The opinion of the trial judge in this case indicates that he considered himself precluded from holding the defendant estopped to dispute the claim of the interests other than Anna Sue Collins. We hold that he was free to do so or not as, in his discretion, the ends of justice require.
Remanded for reconsideration in light of this opinion.
No costs.
' ' Miller, J. concurred.See eases cited in United States v. United States Airlines, Inc., (ED Wash, 1902), 216 F Supp 709, 726.
Sophins v. Avery (1891), 87 Mich 551; Krolick v. Curry (1907), 148 Mich 214; DePolo v. Grieg (1954), 338 Mich 703; Jones v. Chambers (1958), 353 Mich 674.
Fifield v. Edwards (1878), 39 Mich 264.
See generally Currie, Mutuality of Collateral Estoppel: Limits of the Bernhard Doctrine, 9 Stan L Rev 281 (1957).

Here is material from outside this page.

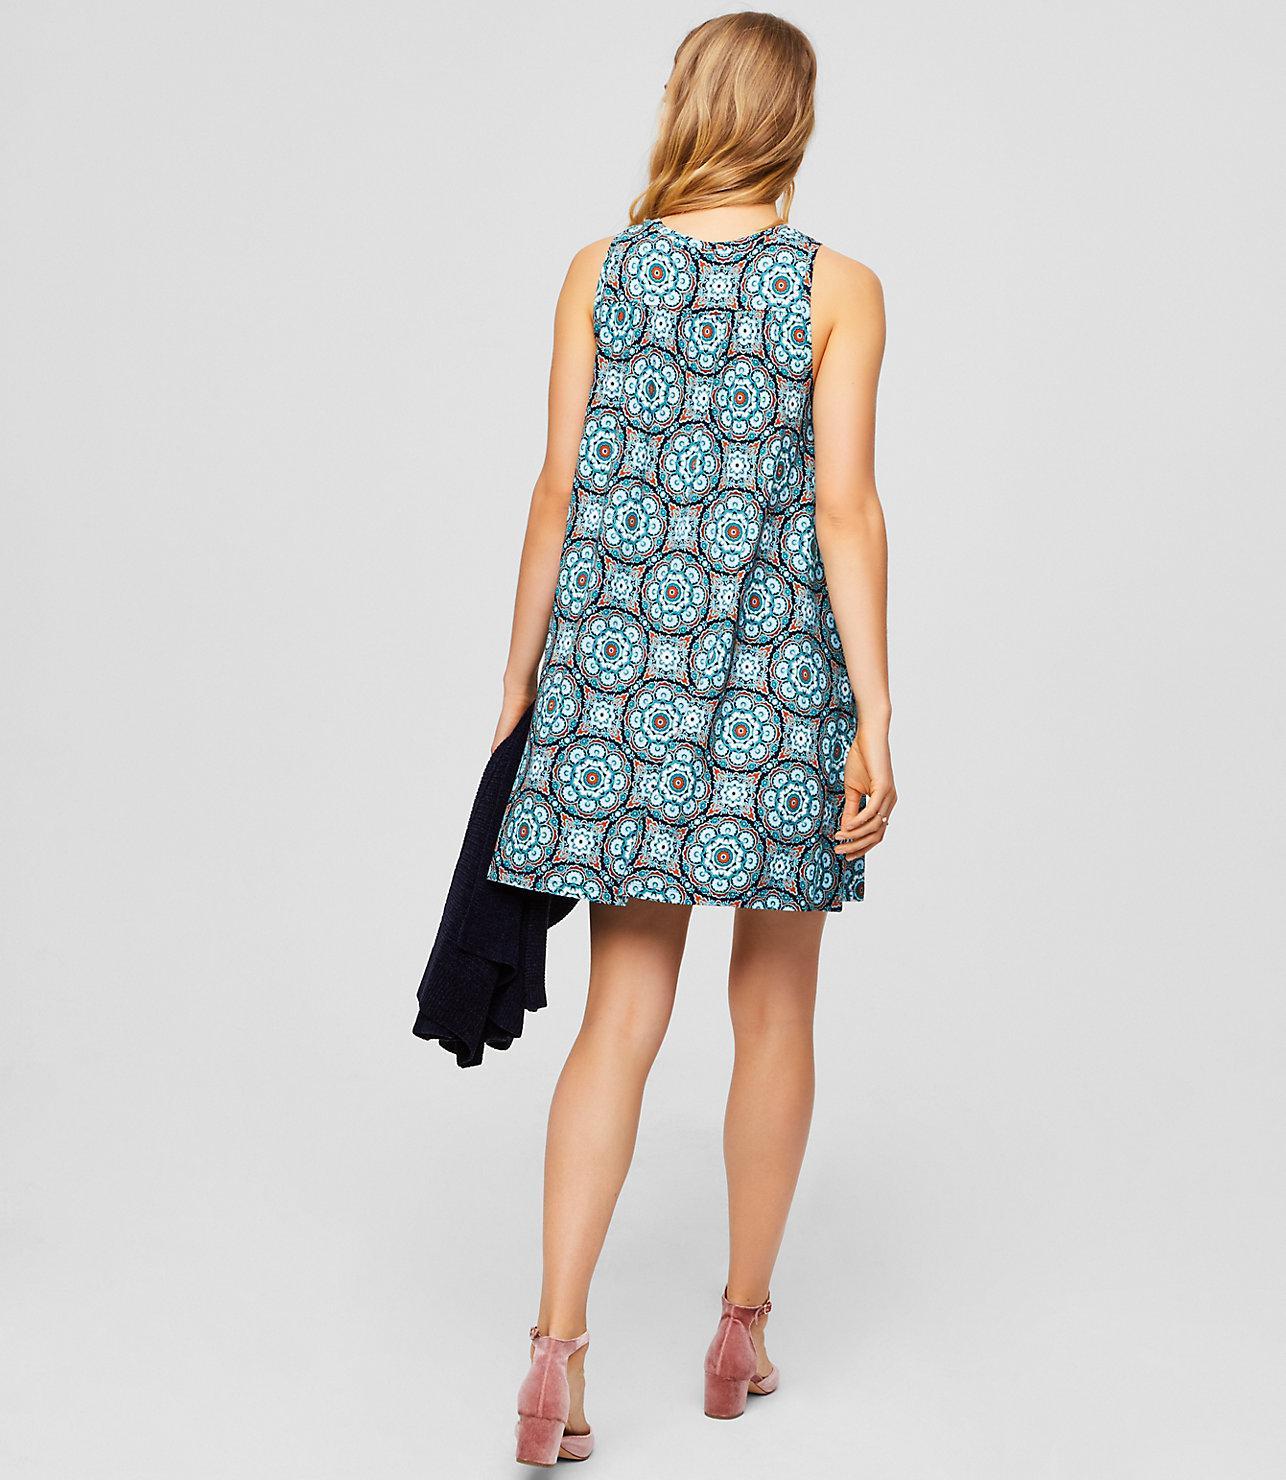 c1c077eba13 LOFT Petite Medallion Sleeveless Swing Dress in Blue - Lyst

The wry observation of Jeremy Bentham might well be kept in mind in applying estoppel or not:
“One is tempted however to ask, whether justice be a thing worth having or not? And if it be, at what time is it desirable that litigation should be at an end? After justice is done, or before?” Bentham, The Rationale of Judicial Evidence, in 7 Works of Jeremy Bentham 172 (Bowring ed 1843). Cited in footnote No 17, 9 Stan L Rev 281, 288 (1957).